Alignment methods hit same benchmarks but learn different weight landscapes
SFT, RFT, DFT, DPO, GRPO, and DAPO achieve identical metrics on the same data yet carve distinct paths through weight space—a finding that upends the assumption methods are interchangeable.

Six popular alignment methods produce nearly identical benchmark scores when trained on the same dataset, but their internal weight landscapes diverge sharply. An interactive HuggingFace Space comparison shows that supervised fine-tuning and rejection sampling variants (SFT, RFT, DFT, offline GRPO) cluster together in weight space, while policy-gradient methods (GRPO, DAPO) and preference-based DPO each carve out distinct trajectories. The effect holds across learning rates and random seeds, suggesting the divergence is structural rather than a training artifact.
The Space visualizes weight distributions and loss surfaces for each method, letting practitioners compare how different objectives shape the same starting checkpoint.

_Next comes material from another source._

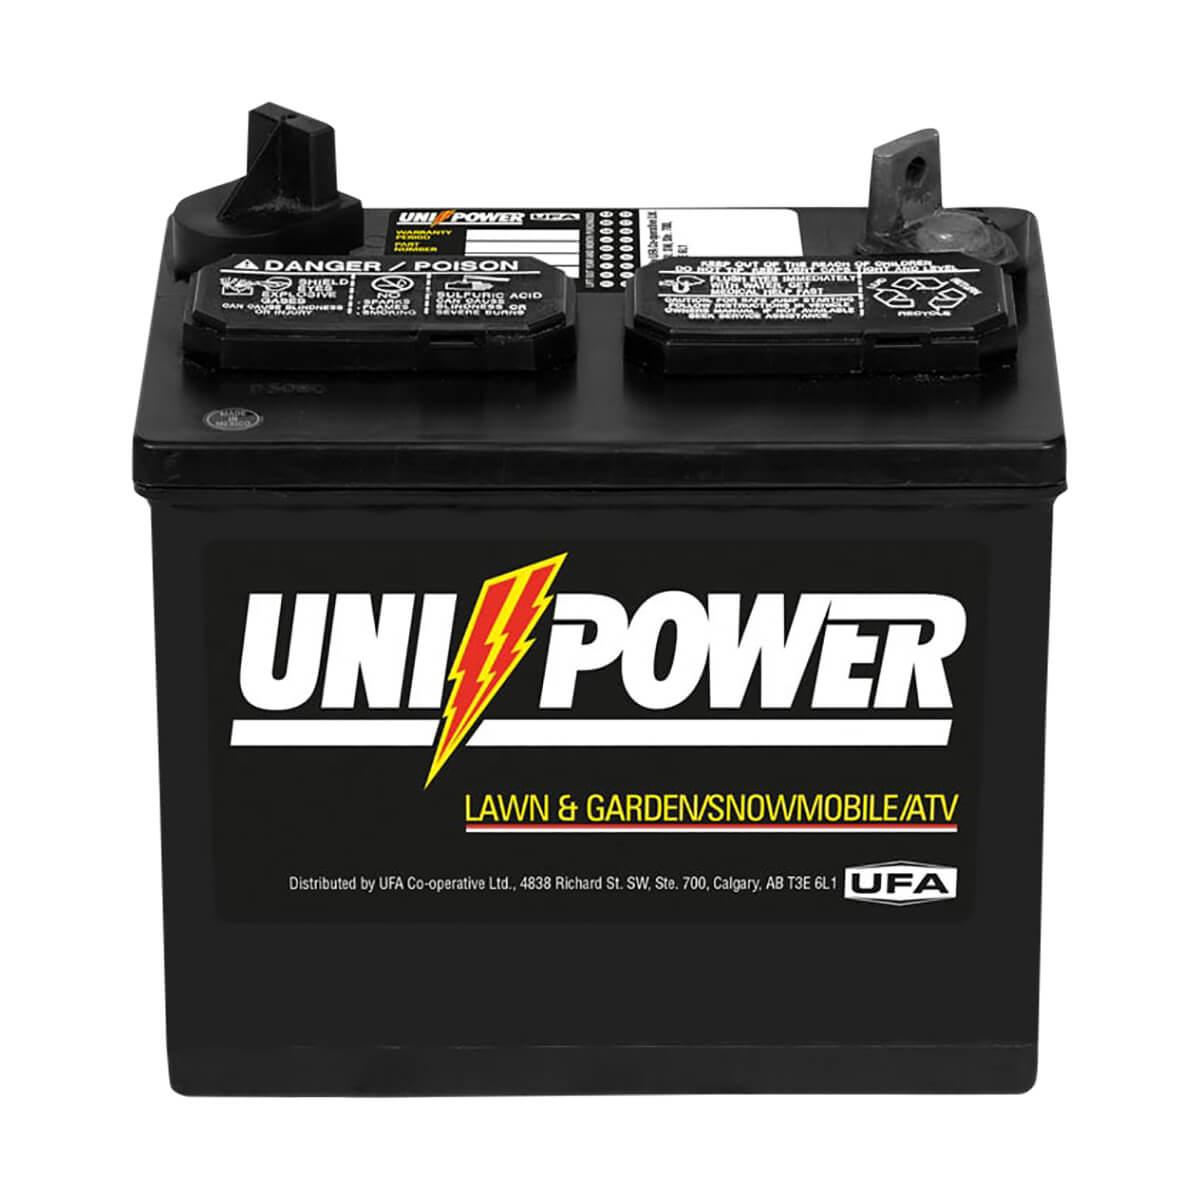 Uni-Power Medium Duty Lawn and Garden 12 Volt Battery - 8-U-1P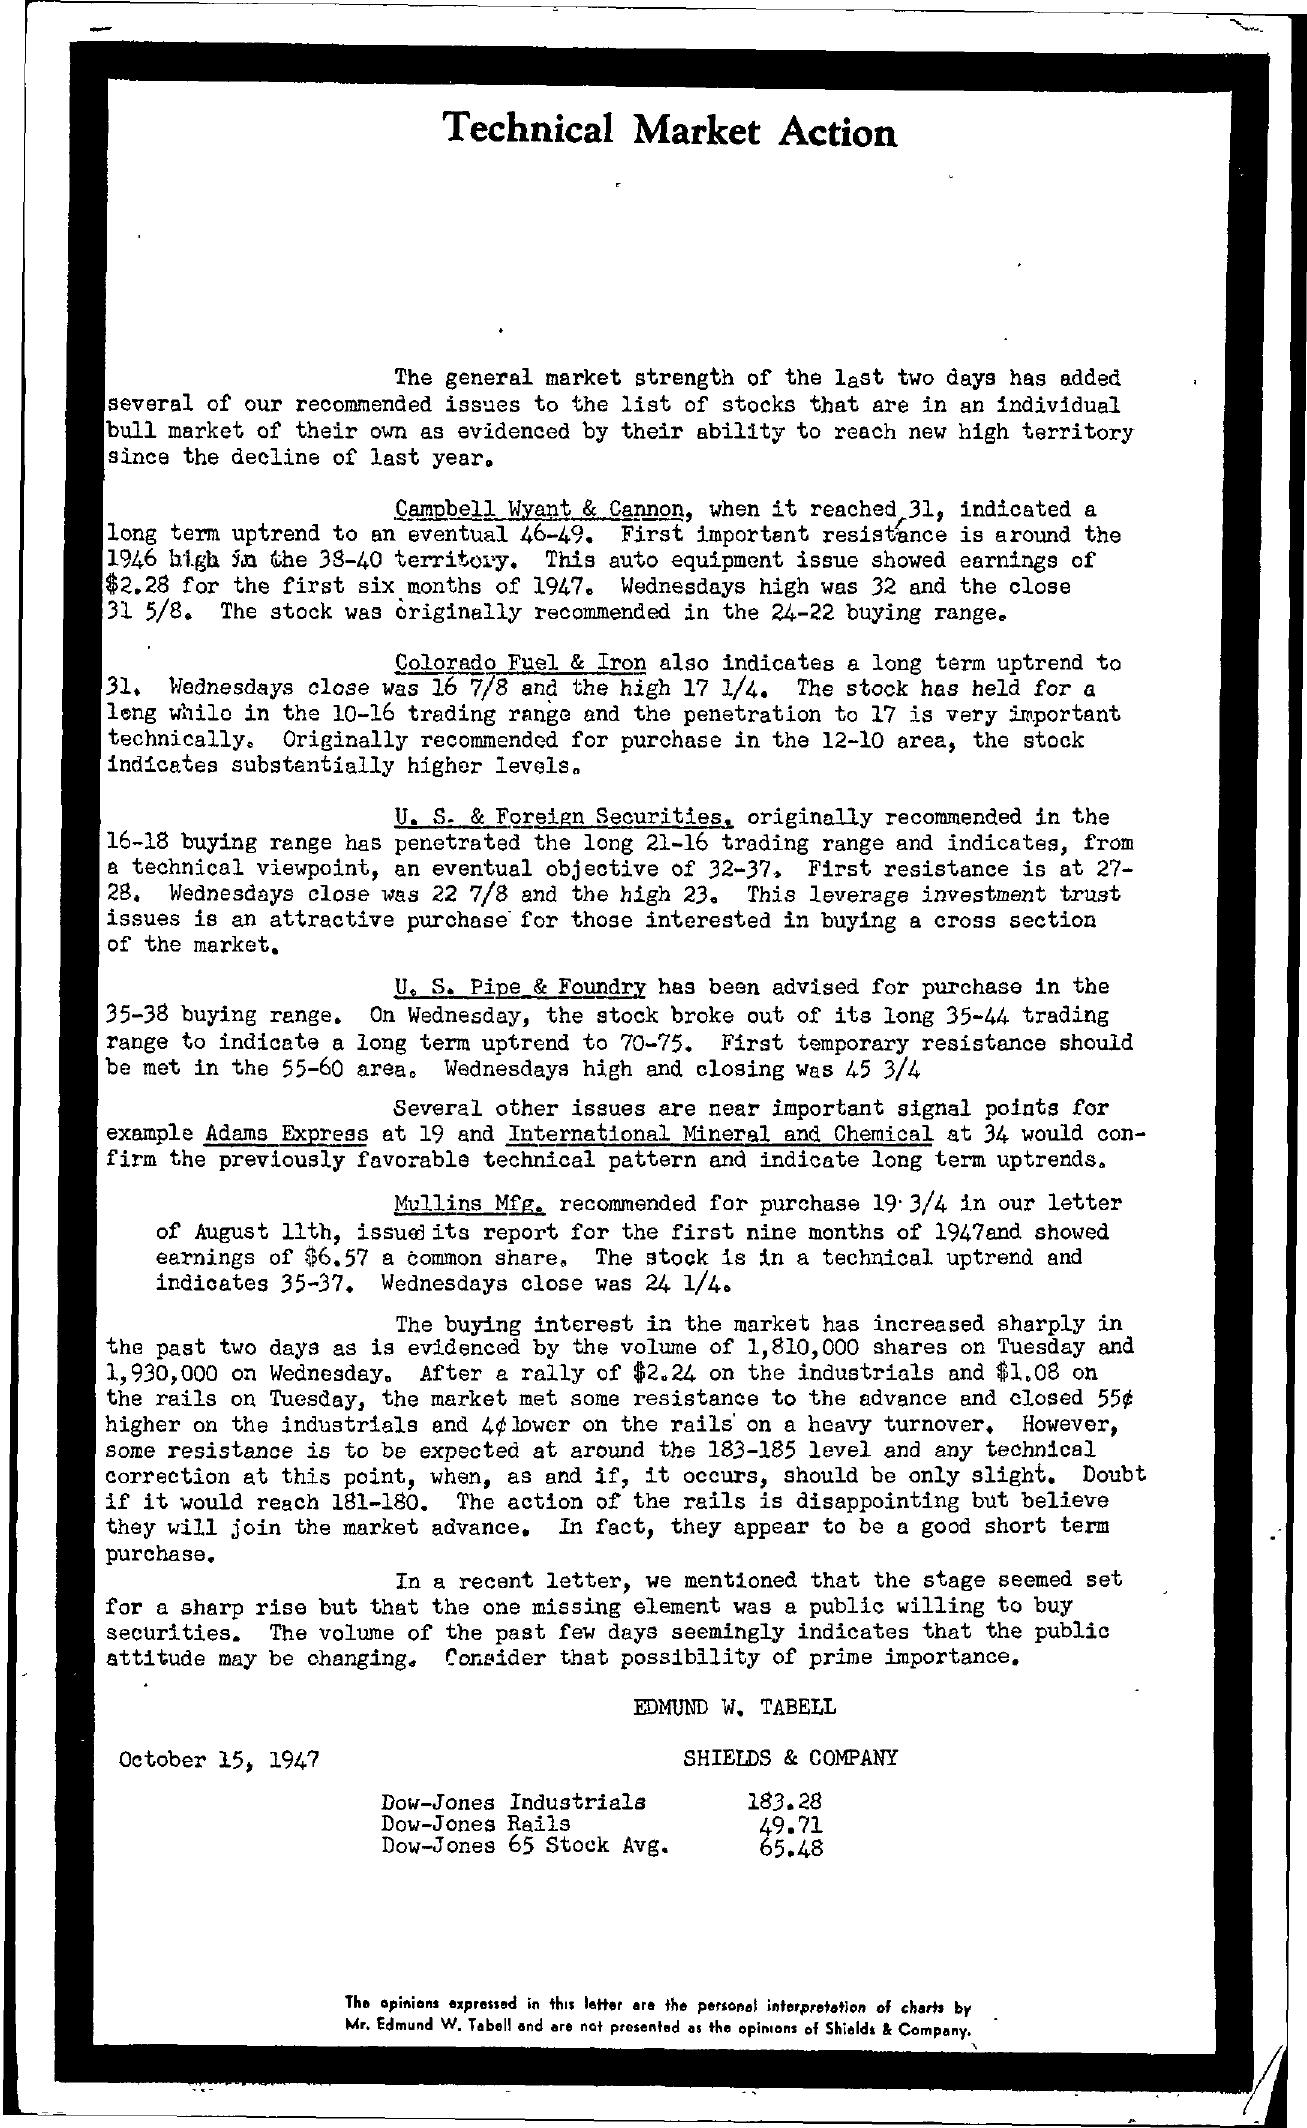 Tabell's Market Letter - October 15, 1947

SFT, RFT, DFT, and offline GRPO converge to similar weight neighborhoods, while DPO, online GRPO, and DAPO each occupy separate regions—implying they encode different inductive biases despite matching eval scores. This complicates the common assumption that methods with similar benchmark numbers are interchangeable; for downstream fine-tuning or merging, the choice of alignment recipe may matter more than leaderboard position suggests. The Space is live at huggingface.co/spaces/AlexWortega/same-data-different-losses.